Suffering, Affliction, and the Love of God
We find a rather peculiar thing
in the eleventh chapter of John’s Gospel. The chapter recounts the incident of
Jesus raising Lazarus from the dead. In the first few verses we’re told that Mary
and Martha sent messengers to tell Jesus that their brother, who was very dear
to him, was ill. And then we read the following:
The Raising of Lazarus by Juan de Flandes (1465-1519) |
Now
Jesus loved Martha and her sister and Lazarus. So, when he heard that Lazarus
was ill, he stayed two days longer in the place where he was.
John 11:5-6
What a very odd thing to say.
We would have expected something quite different. After saying, “Jesus loved
Martha and her sister and Lazarus,” we would have expected John to have said,
“So, Jesus hurried off to their home to heal him.” But, no, it says, “He loved
them, so he stayed two days longer where he was.”
What’s going on here? Because Jesus
loved them, he wanted to teach them something that would prove to be an
immeasurable comfort to them (and to us as well), namely, he is the resurrection and the life. Now, he could have merely
stated the fact and it would have been no less true; but he wanted this truth
to be so deeply impressed upon their minds that it could never be forgotten. He
wanted them to experience it. He allowed the illness to take its natural
course. He allowed Lazarus to die. He
could have healed him, of course. He could have rushed to their home and laid his hand
upon him, and the illness would have been immediately healed. Or he could have
stayed where he was and simply spoken the word, and the illness would have been
healed. Distance was no obstacle to him in such matters (cf. Matt. 8:5-13; Jn.
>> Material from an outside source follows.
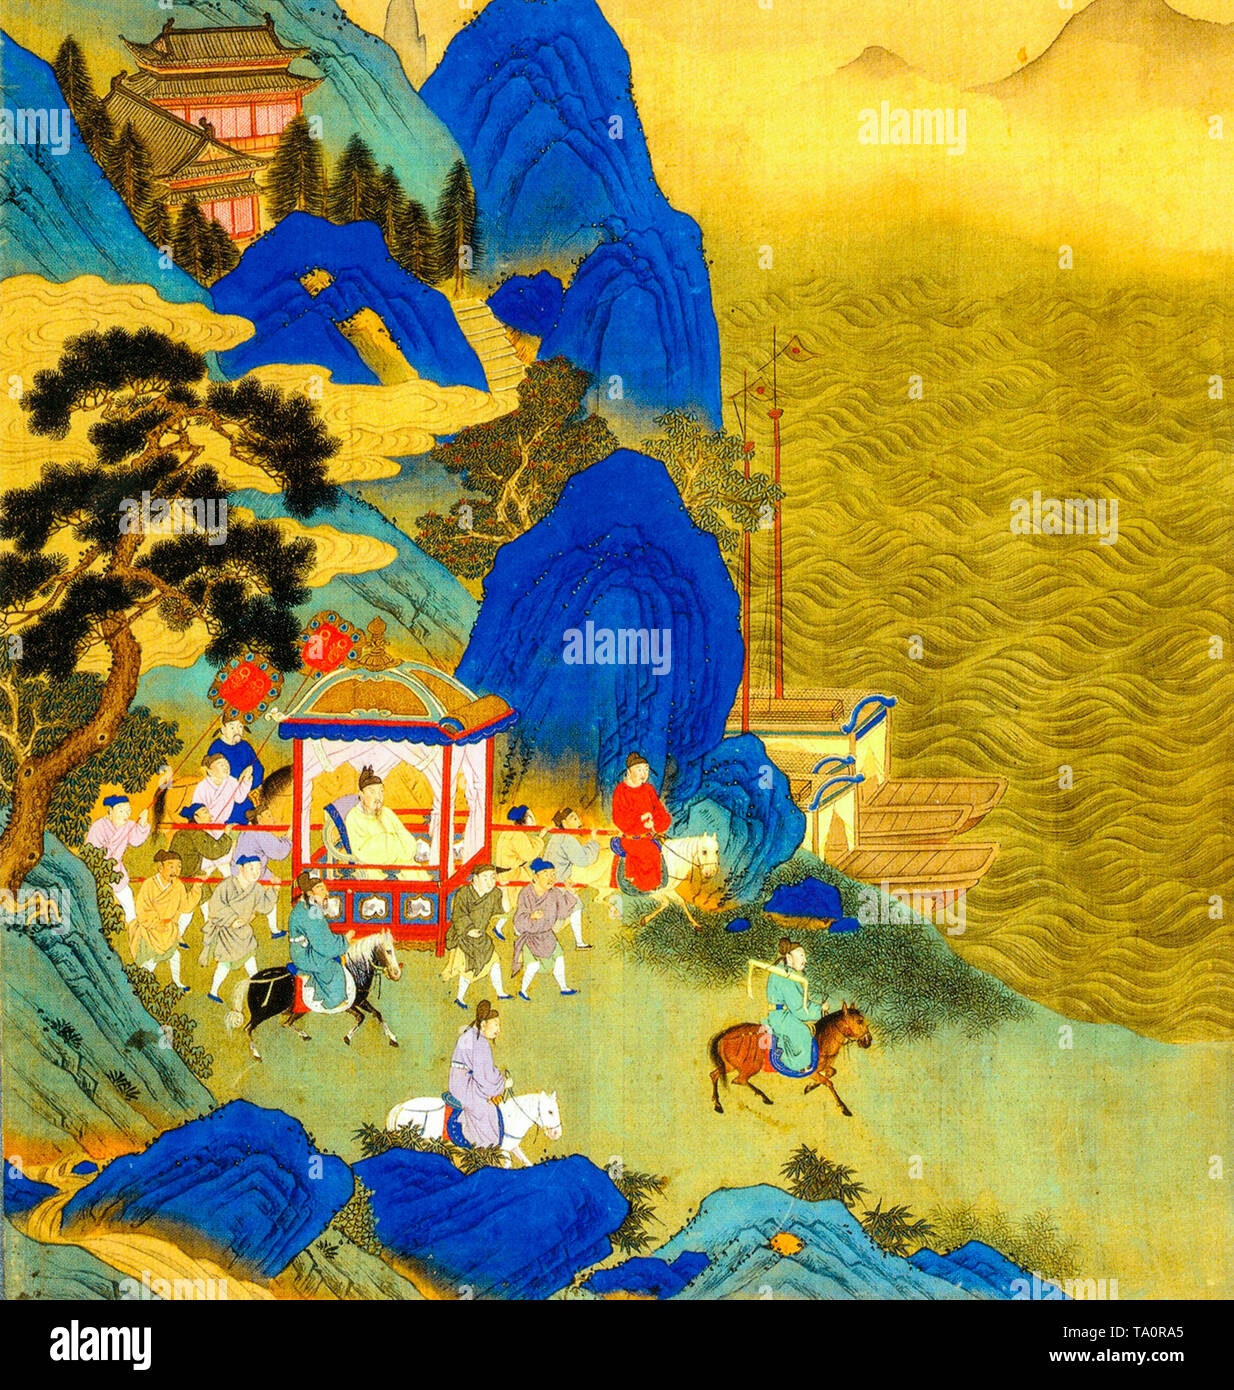 Qin Shi Huang's imperial tournée à travers son empire, peinture, 18e siècle Banque D'Images
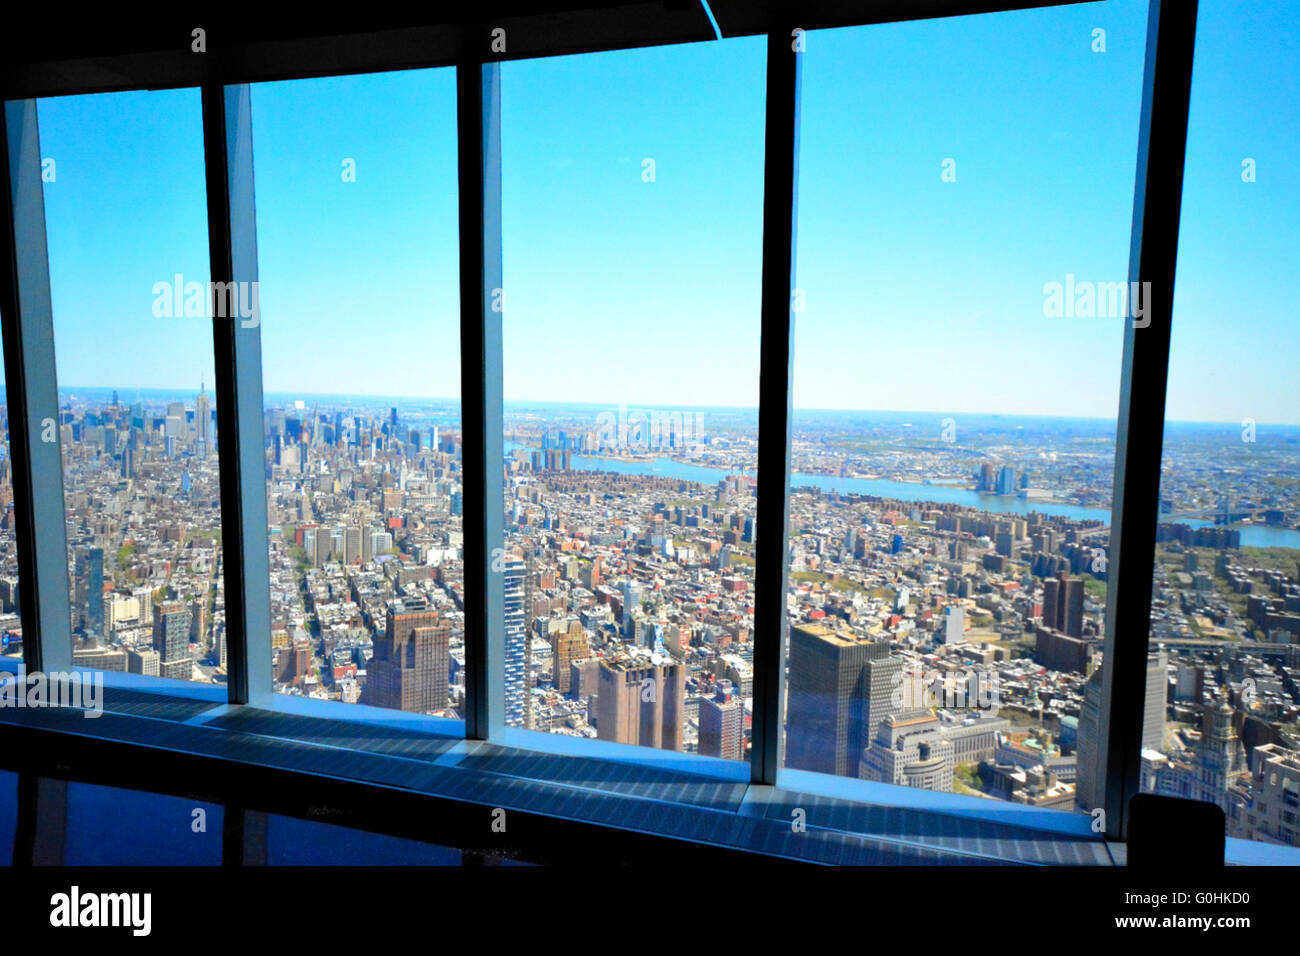 La vista desde la plataforma de observación de la torre de la Libertad, en la ciudad de Nueva York, EE.UU. Foto de stock

4:46:53). But instead, he let him die. And he did this because he loved Martha and her sister and Lazarus. He loved them
too much to heal him when there was another, higher, and more important object
to be gained—their knowledge of him as the
resurrection and the life.
For some of us, perhaps, this
saying carries little power, that Jesus is the resurrection and the life. It’s no
more than a pleasant sounding religious platitude. But Jesus wanted them—as he wants us—to understand that the
resurrection is a reality that changes our entire outlook on life.
Jesus allowed those whom he
loved to suffer a temporary sorrow in order to teach them a lesson of eternal
value. May I suggest to you that this is how we should look upon all of our
trials and afflictions? In his great love for us, he sometimes allows us to
suffer things we would never have chosen for ourselves, but which are
nevertheless for our good. There is some lesson to be learned, some grace of
the Spirit, or some character trait to be formed in us; or perhaps some good to
be accomplished in someone else by what we suffer, and so he allows us to
suffer it. This doesn’t mean that we shouldn’t pray—and pray fervently—that we
might avoid suffering, or pray to be delivered from suffering; but it does mean
that if God doesn’t answer our prayers in the way or in the time we think he
should, we should remember that he is nevertheless dealing with us in love.